SandishKumarHN commented on code in PR #38922:
URL: https://github.com/apache/spark/pull/38922#discussion_r1053690877
##########
connector/protobuf/src/main/scala/org/apache/spark/sql/protobuf/utils/SchemaConverters.scala:
##########
@@ -92,17 +108,35 @@ object SchemaConverters {
MapType(keyType, valueType, valueContainsNull =
false).defaultConcreteType,
nullable = false))
case MESSAGE =>
- if (existingRecordNames.contains(fd.getFullName)) {
+ // If the `recursive.fields.max.depth` value is not specified, it will
default to -1;
+ // recursive fields are not permitted. Setting it to 0 drops all
recursive fields,
+ // 1 allows it to be recursed once, and 2 allows it to be recursed
twice and so on.
+ // A value greater than 10 is not allowed, and if a protobuf record
has more depth for
+ // recursive fields than the allowed value, it will be truncated and
some fields may be
+ // discarded.
+ // SQL Schema for the protobuf message `message Person { string name =
1; Person bff = 2}`
+ // will vary based on the value of "recursive.fields.max.depth".
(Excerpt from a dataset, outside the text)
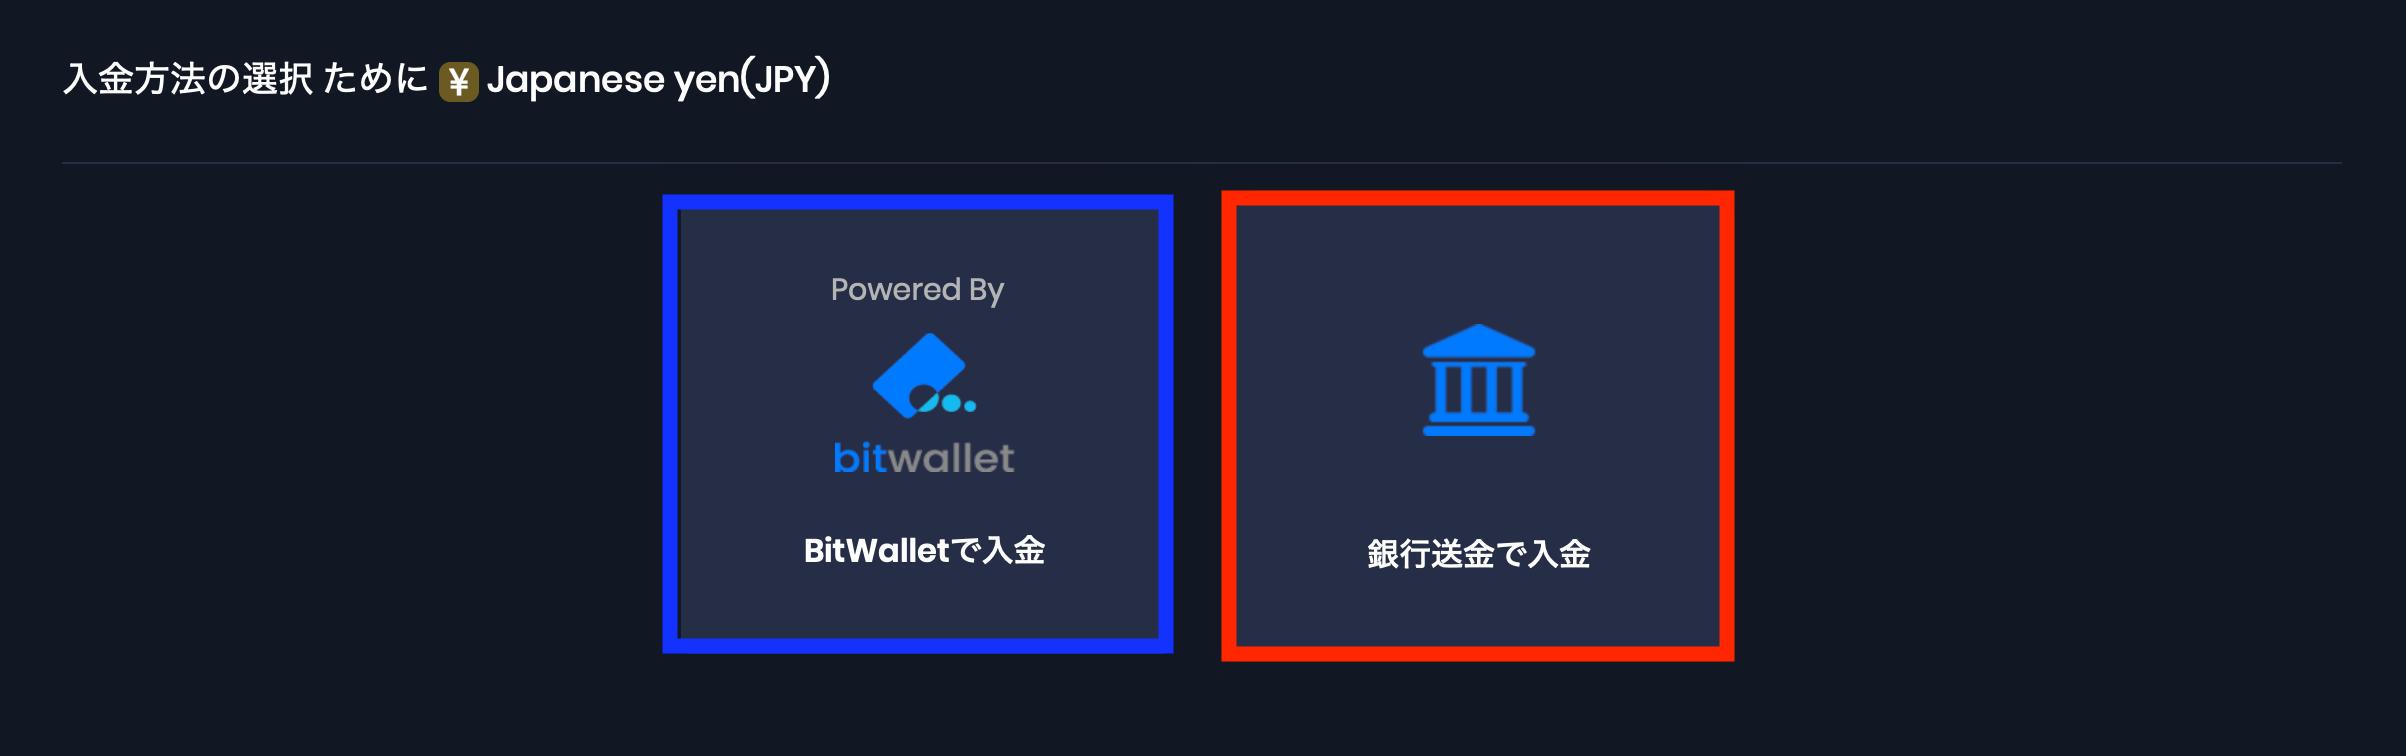 Bitwallet入金か海外銀行送金かを選択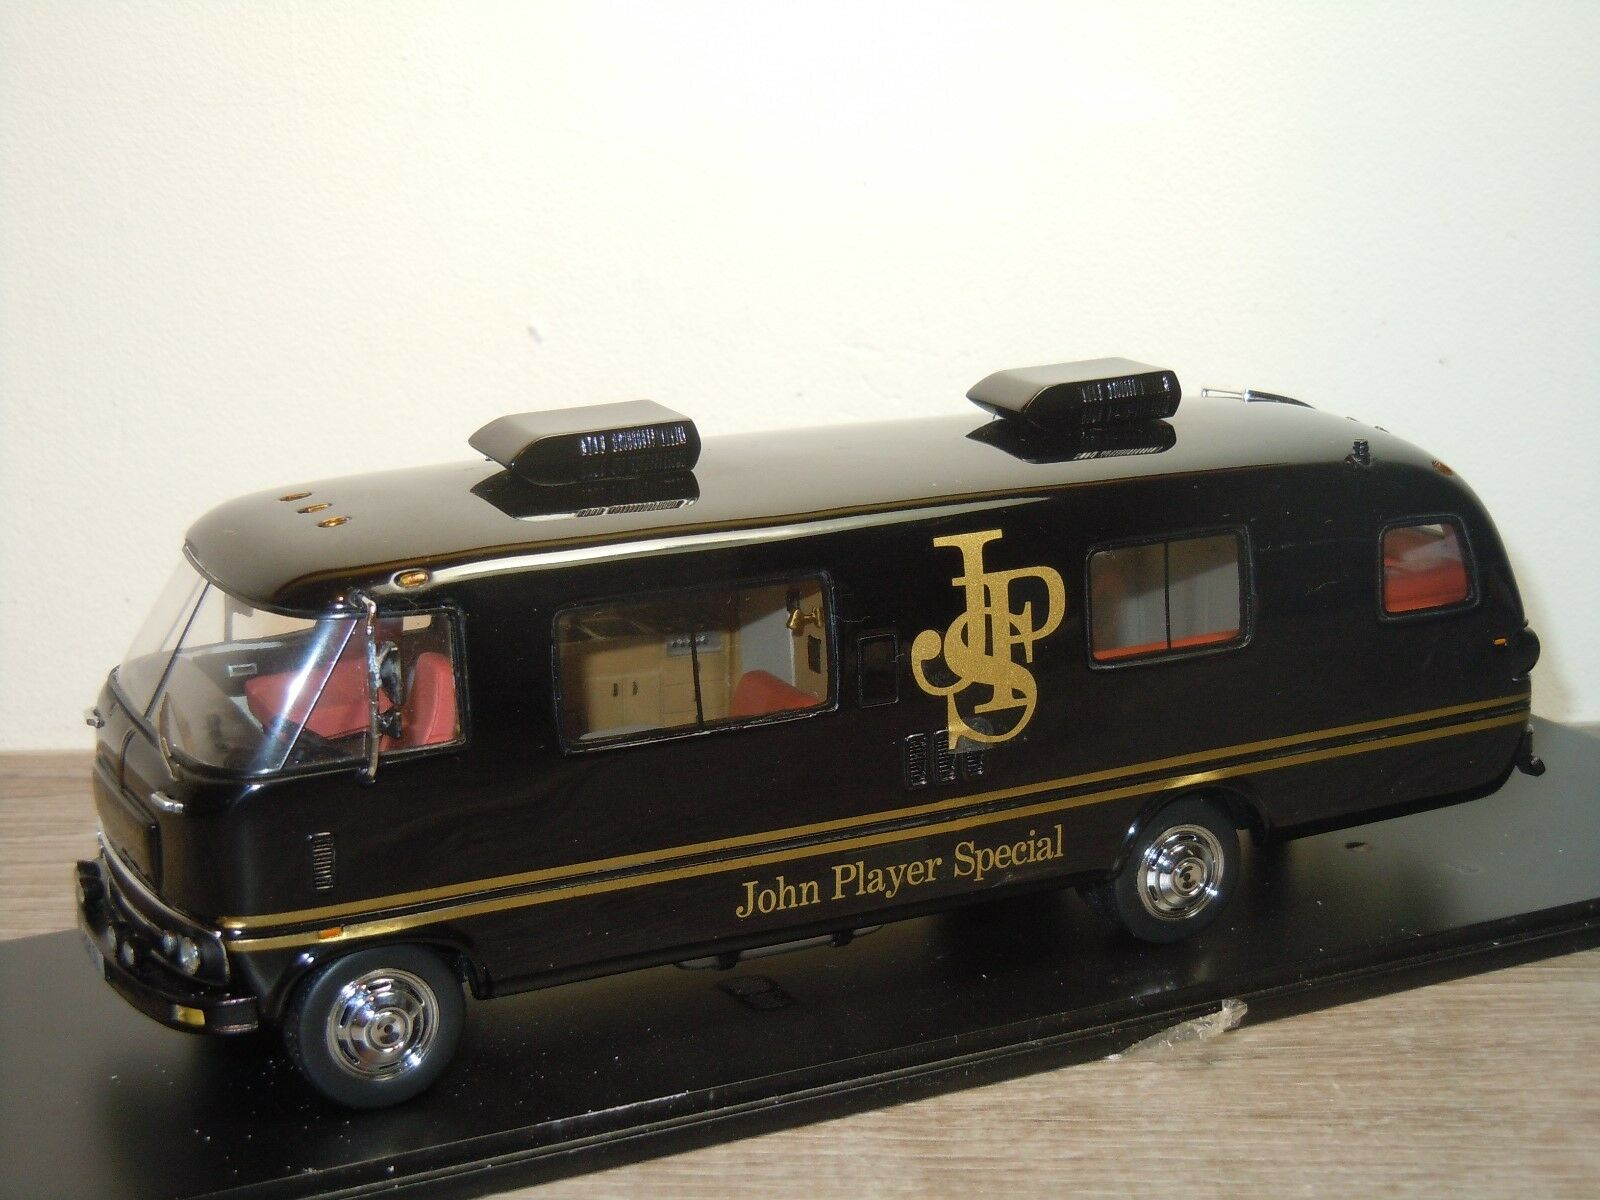 Dodge Travco John spelaer Team Lotus 1973 - Spark S0280 - 1 43 i låda 36474

+ // 0: struct<name: string, bff: null>
+ // 1: struct<name string, bff: <name: string, bff: null>>
+ // 2: struct<name string, bff: <name: string, bff: struct<name:
string, bff: null>>> ...
+ val recordName = fd.getMessageType.getFullName
Review Comment:
@cloud-fan fd.getFullName gives a fully qualified name along with a field
name, we needed the fully qualified type name. we made this decision above.
here is the difference.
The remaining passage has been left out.